# Training a V to fetch



## 471 (Feb 22, 2010)

Does anyone have a V that they actually trained to LIKE to fetch (especially with balls)? My V, whom we adopted at age 3 (now 4), only fetches when she feels like it, and we discovered she doesn't like to swim - I have to carry her in the pool and let her swim back to the steps. Our last dog, a lab mix, lived with a ball in her mouth and although she didn't live in the pool all summer, she did like to go in when she was hot or when I threw a ball into the water. Is there any hope? I miss playing ball with my dog! If I throw her a ball, it just bounces off her nose :.


----------



## Vespasia (Apr 19, 2010)

Hally loves to play fetch! With sticks, balls, pretty much anything. Playing Soccer is her favourite game (she's got good skills!) but she will always take an opportunity for a game of fetch. 

We didn't do anything overlly unsual to get her interested in this. The biggest thing was we would get REALLY excited everytime she would go near the ball and even more crazy when she brought the ball back (she'd get some treats too). 

That said, my previous dog was a golden retreiver who hated to retrieve, so what do I know?


----------



## NZ_V (Jun 4, 2009)

Rossi loves to fetch as well! - he has great toy drive too. He isn't a great fan of swimming yet...a bit of a chicken! and when he does go in he swims wildly - hopefully will resolve that in summer this year!!


----------



## gunnr (Aug 14, 2009)

Bearpaw

Some V's just love to fetch from day one. Others, not so much. Unfortunately the time to really kick that desire into high gear is when they are puppies. Even them, it's no guarantee.

Your options are to;

1.) Find an object she likes to go after. maybe the Tennis ball isn't doing it for her. 
"Chuckit, a toy company, has a frisbee looking toy that looks like a squirrel. My dog, that I got as an adult, loves that thing and will chase it all day long. They also make a nice plush ball that can be scented with quail, and a cool little frisbee. These toys are quitr a bit more animated than a ball.

2.) Have her "Forced Trained" to retrieve. If you don't actually intend to hunt her, I wouldn't do this. It's not worth it to put a dog through this just to chase a ball.

I have noticed a few things through the years with regards to V's and fetching.

Some V's naturally "look up" and others tend to look in a more horizontal plane. The ones that look up, I believe, have a greater natural tendency to track and mark an object thrown in an arc, and make a better "natural retriever". The ones that don't look up tend to lose the object once it's in the air and don't know what to do, or they just want to chase the object.

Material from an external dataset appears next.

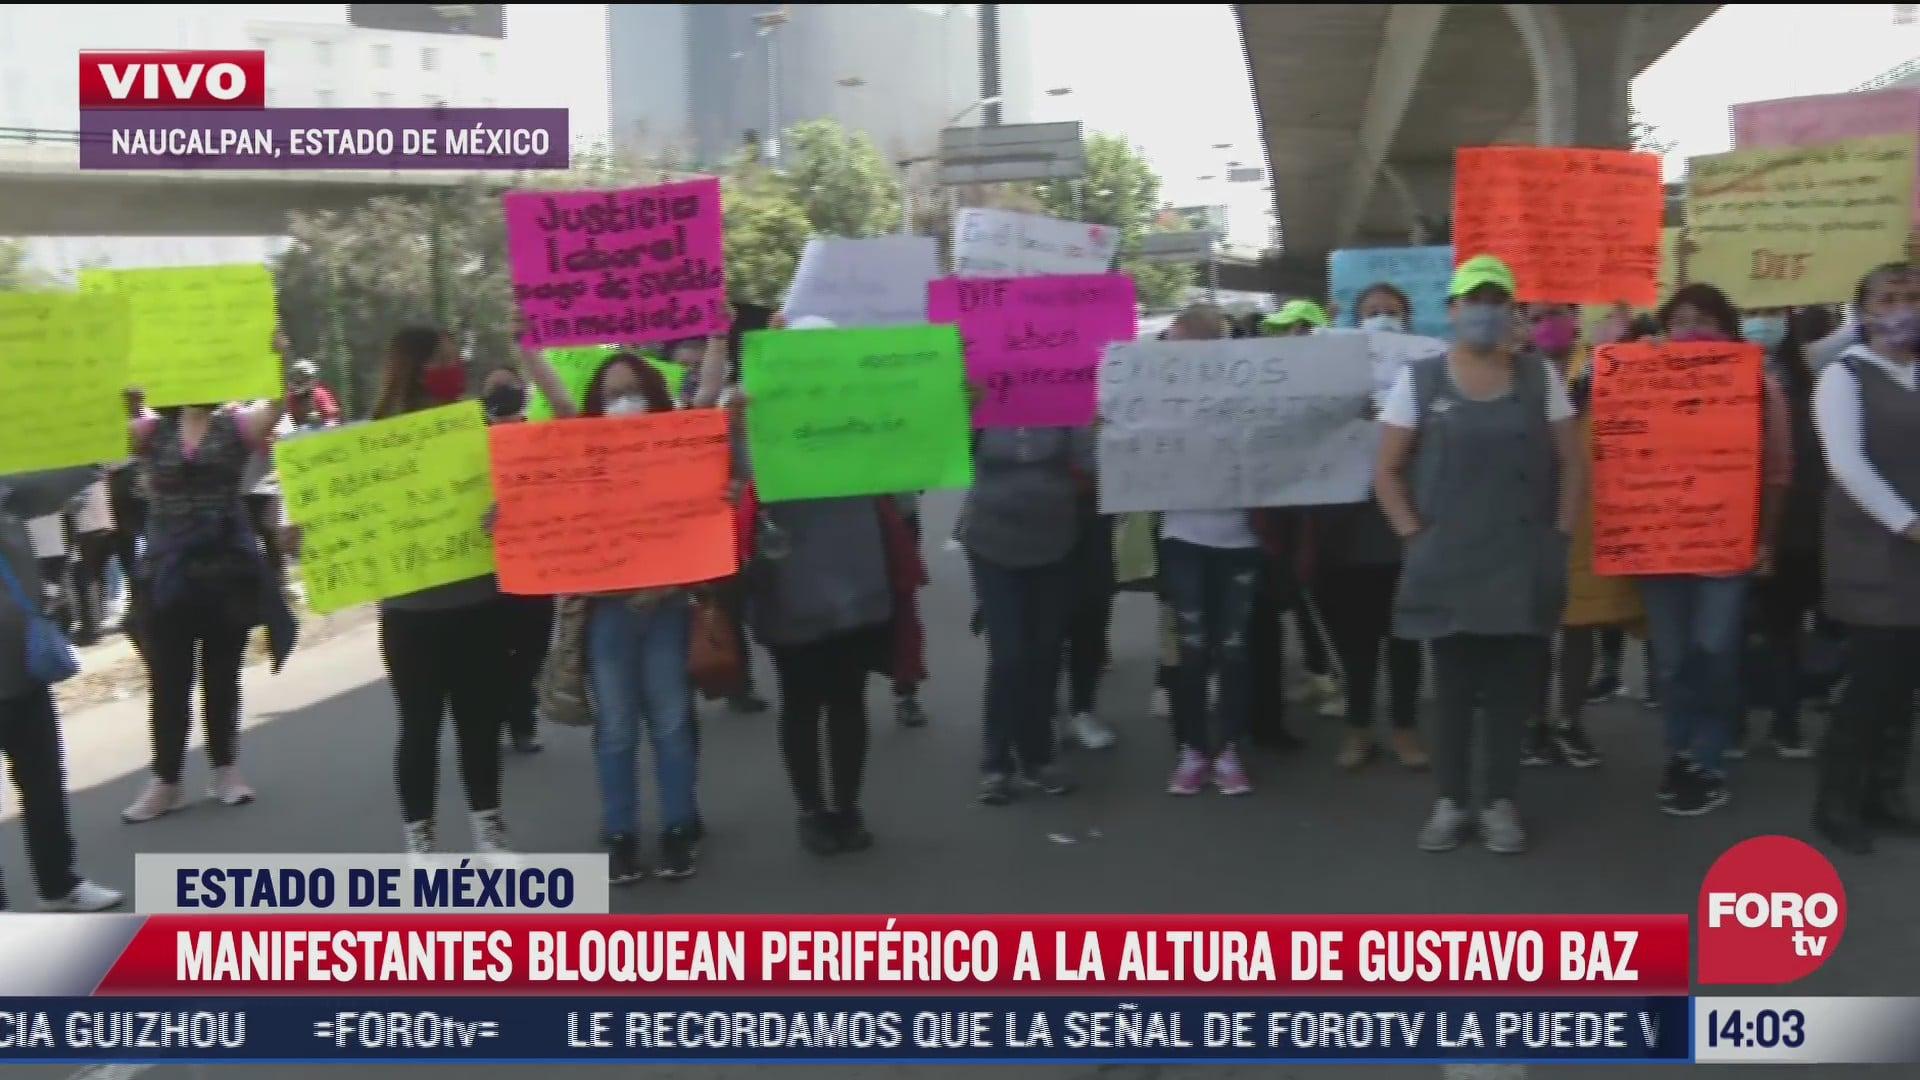 manifestantes afectan periferico a la altura de gustavo baz

I have one right now, Tika, That loves to play fetch, but she is truly awful at tracking/marking a thrown object. It's not all her fault though, she got started late, and didn't actually begin any training of any type until almost 2 years old.
I've been progressively working with her by starting out throwing the object along the ground, and then progressively higher. When I know I'm throwing above where she wants to look, I throw the object a shorter distance so that it make a "plop" to draw her attention. Hopefully she learns to look up more. I use frisbee's and heavier balls that make more noise to help her out.

Gunnr chases anything thrown, and has excellent, natural tracking/marking instincts.

Both dogs didn't get introduced to water until last fall. Gunnr was about 15 months old and Tika 2 1/2years old. I got them both as adults, but not a rescue situation, so I pretty much knew what they had and had not been introduced to. 
This spring I actually put on fishing waders, put them on a leash and took them to an area that I could "walk" them in the water swimming. If you do this, make sure that as you "walk" them that they can touch the bottom at times. The other trick is to have someone with you on shore, and each time you let them swim to shore they get lots of attention,and maybe a towel rub. 
Don't overwhelm them. keep each individual "walk/swim"session short and do it multiple times in a given session to instill in them that: They are safe, they can get back to shore, you can be trusted.


----------



## jp (Nov 24, 2009)

It depends on Penny's mood. Now that she's older she is willing to play fetch more. We have used tennis balls, frisbees and right now are using the Chuckit squirrel Gunnr mentioned. But even at 2 years she often will get the object and then run away and chew it up right in front of us. Especially tennis balls and plastic frisbees.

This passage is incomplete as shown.